Ah, oui, fumer la fumée...
Point n’ai souci ni besoin : la réalité et sa cadence infinie me suffisent au-delà de toute mesure.
Ainsi, certains se tiennent-ils sans doute en sentinelle dans les marges du poème et de ses obscurités à l’eau de roche, ou de rose, c’est selon.
Bref, une forme de cartel à ciel ouvert.
Un chemin de ronde comme de routine et, plus loin, toisé avec patience, "Il deserto dei Tartari".
Mais j’y mettrai plutôt Cesare Pavese :
«C’è un giardino chiaro, fra mura basse,
di erba secca e di luce, che cuoce adagio
la sua terra.
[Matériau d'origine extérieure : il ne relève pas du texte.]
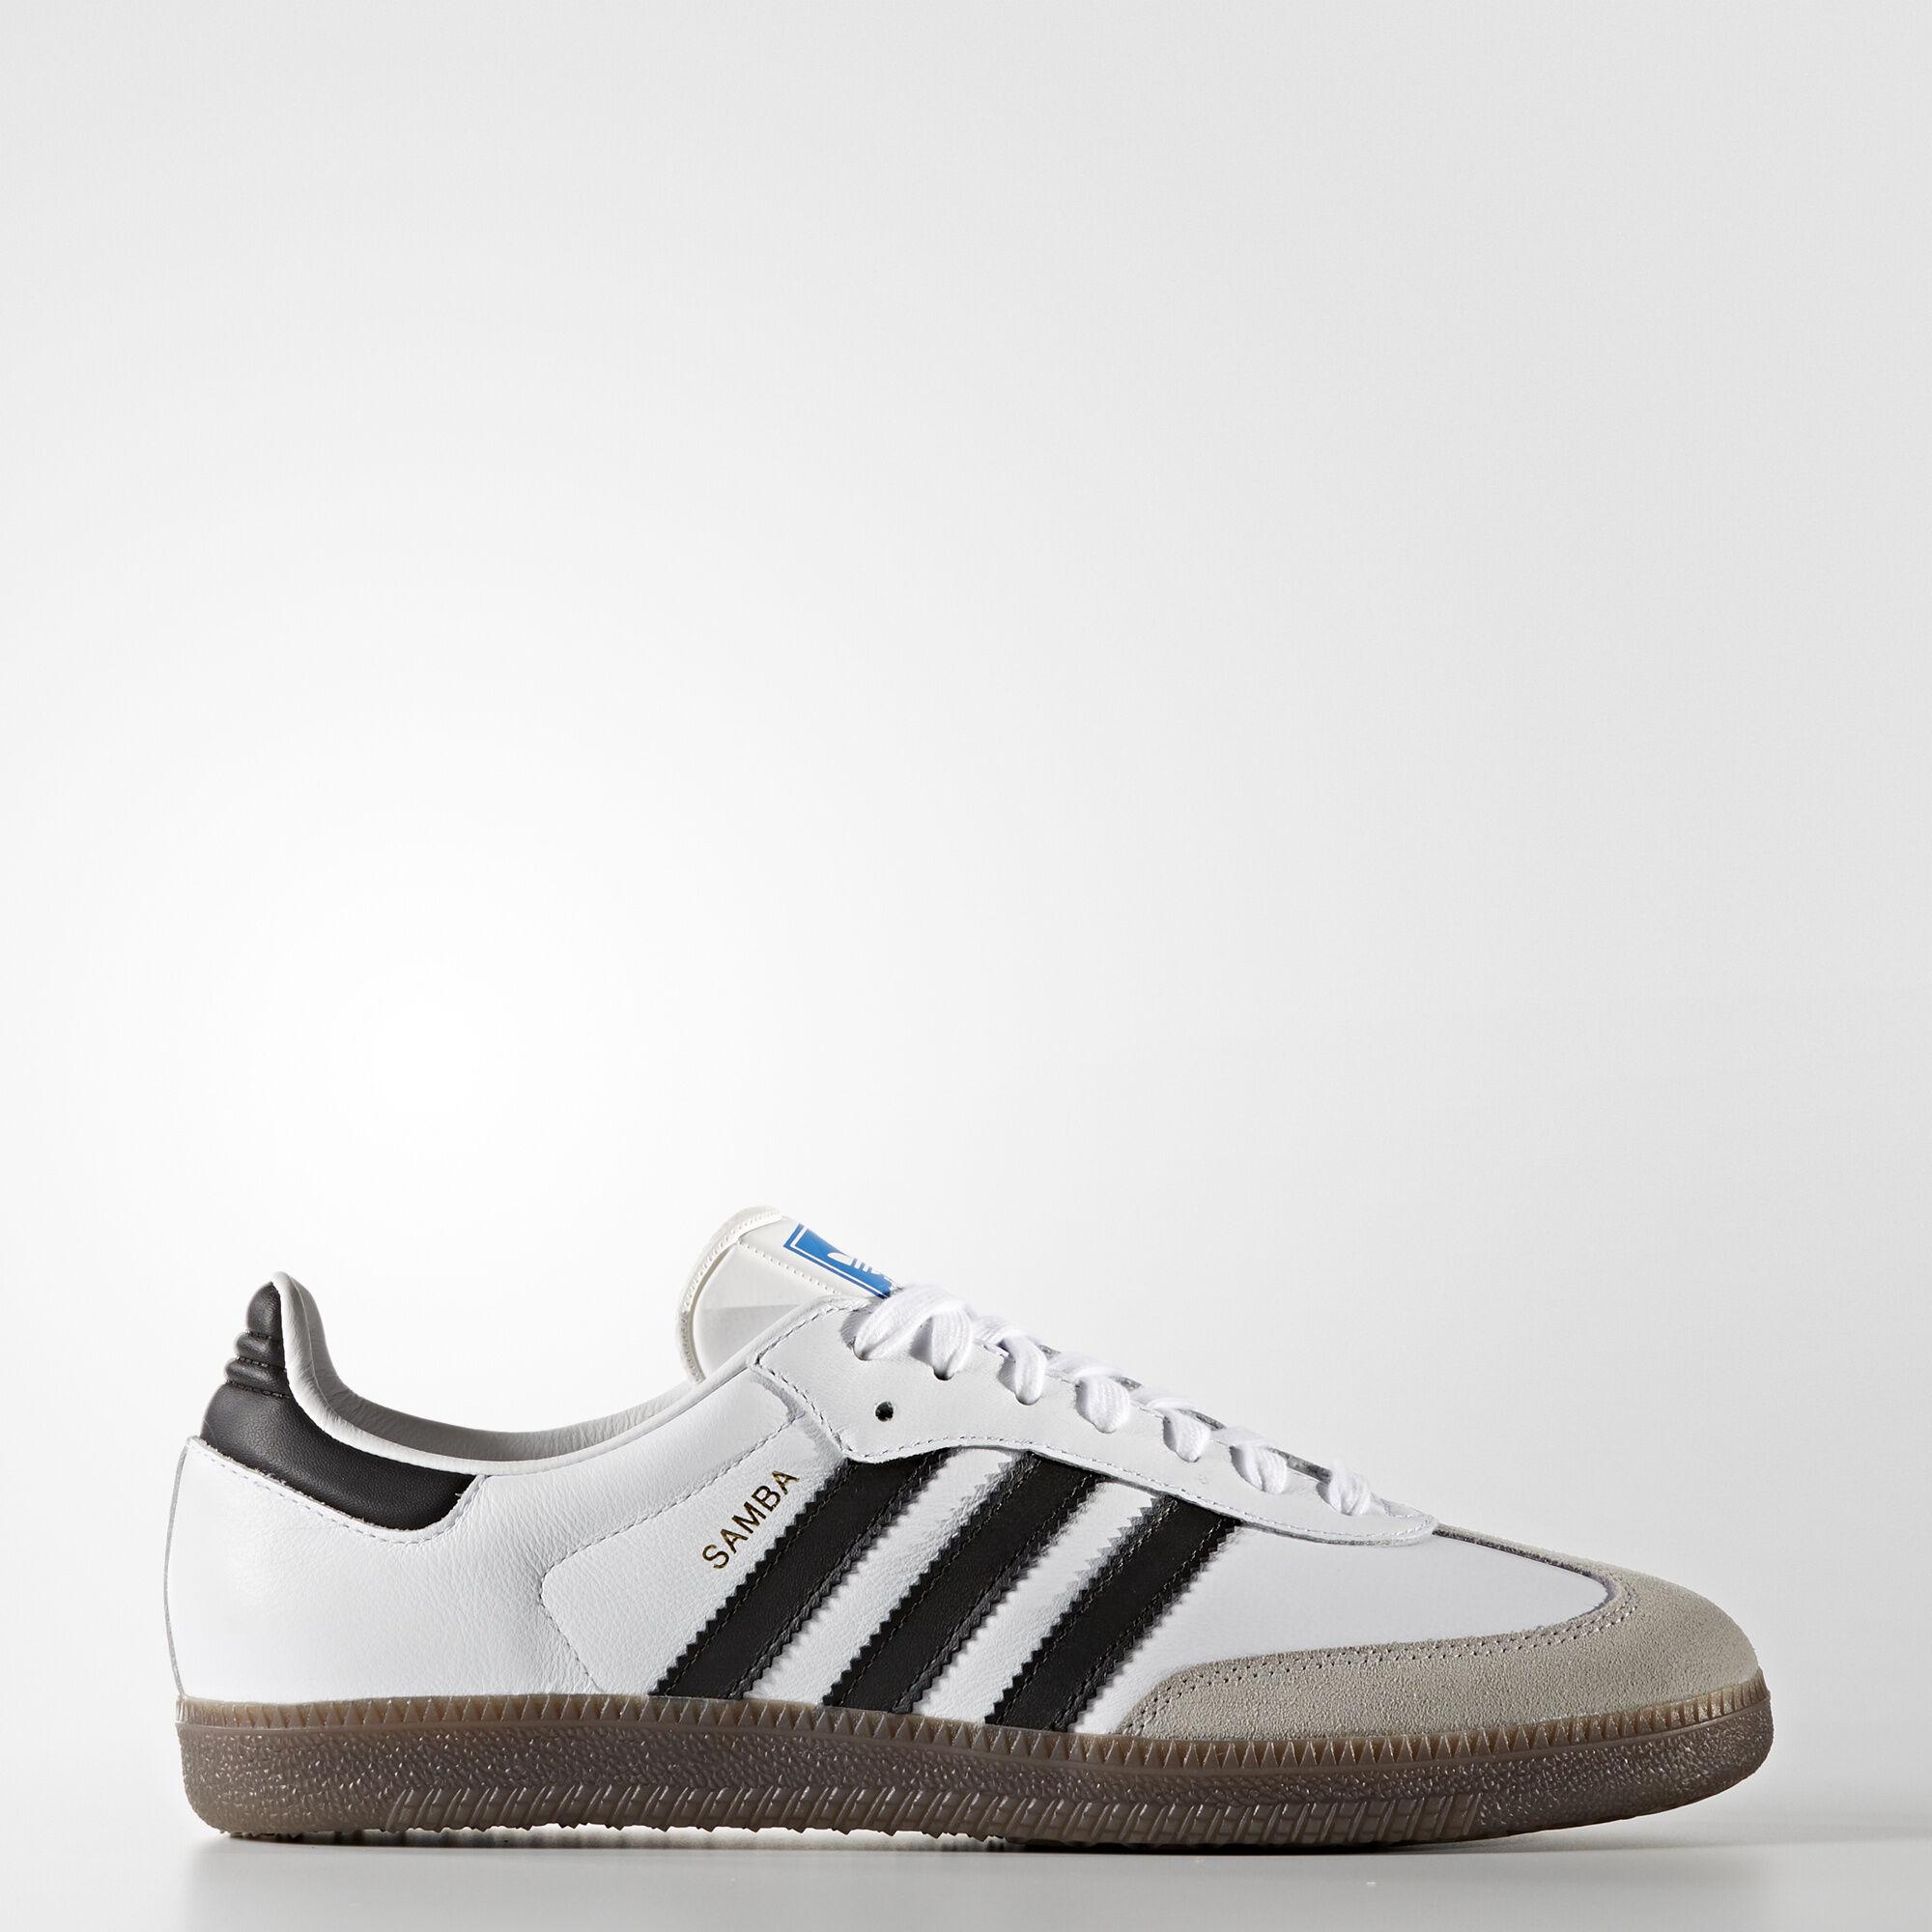 new adidas samba

È una luce che sa di mare.
Tu respiri quell’erba. Tocchi i capelli
e ne scuoti il ricordo.
Ho veduto cadere
molti frutti, dolci, su un’erba che so,
con un tonfo. Così trasalisci tu pure
al sussulto del sangue. Tu muovi il capo
come intorno accadesse un prodigio d’aria
e il prodigio sei tu. C’è un sapore uguale
nei tuoi occhi e nel caldo ricordo.
Ascolti.
La parole che ascolti ti toccano appena.
Hai nel viso calmo un pensiero chiaro
che ti finge alle spalle la luce del mare.
Hai nel viso un silenzio che preme il cuore
con un tonfo, e ne stilla una pena antica
come il succo dei frutti caduti allora.»
(Qu’on peut risquer de traduire ainsi :
«Il est un jardin clair, herbe sèche et lumière,
entouré de murets, qui réchauffe sa terre
doucement. Lumière qui évoque la mer.
Tu respires cette herbe. Tu touches tes cheveux
et tu en fais jaillir le souvenir.
J'ai vu
bien des fruits doux tomber sourdement sur une herbe
familière.
Ainsi tressailles-tu toi aussi
quand ton sang se convulse. Ta tête bouge
comme si, tout autour, un prodige impalpable avait lieu
et c'est toi le prodige. Dans tes yeux,
dans l'ardent souvenir, la saveur est la même.
Tu écoutes.
Les mots que tu écoutes t'effleurent à peine.
Il y a sur ton calme visage une pensée limpide
qui suggère à tes épaules la lumière de la mer.
Il y a sur ton visage un silence qui oppresse
le coeur sourdement, et distille une douleur antique
comme le suc des fruits tombés en ce temps-là.»)
J'aurais dû faire plutôt le cabot avec un autre Cesare, à crampons celui-là, Maldini.
«Wir leben unter finsteren Himmeln, und –es gibt wenig Menschen. Darum gibt es wohl auch so wenig Gedichte. Die Hoffnungen, die ich noch habe, sind nicht groß. Ich versuche, mir das mir Verbliebene zu erhalten. »
Paul Celan, 18 mai 1960, Lettre à Hans Bender.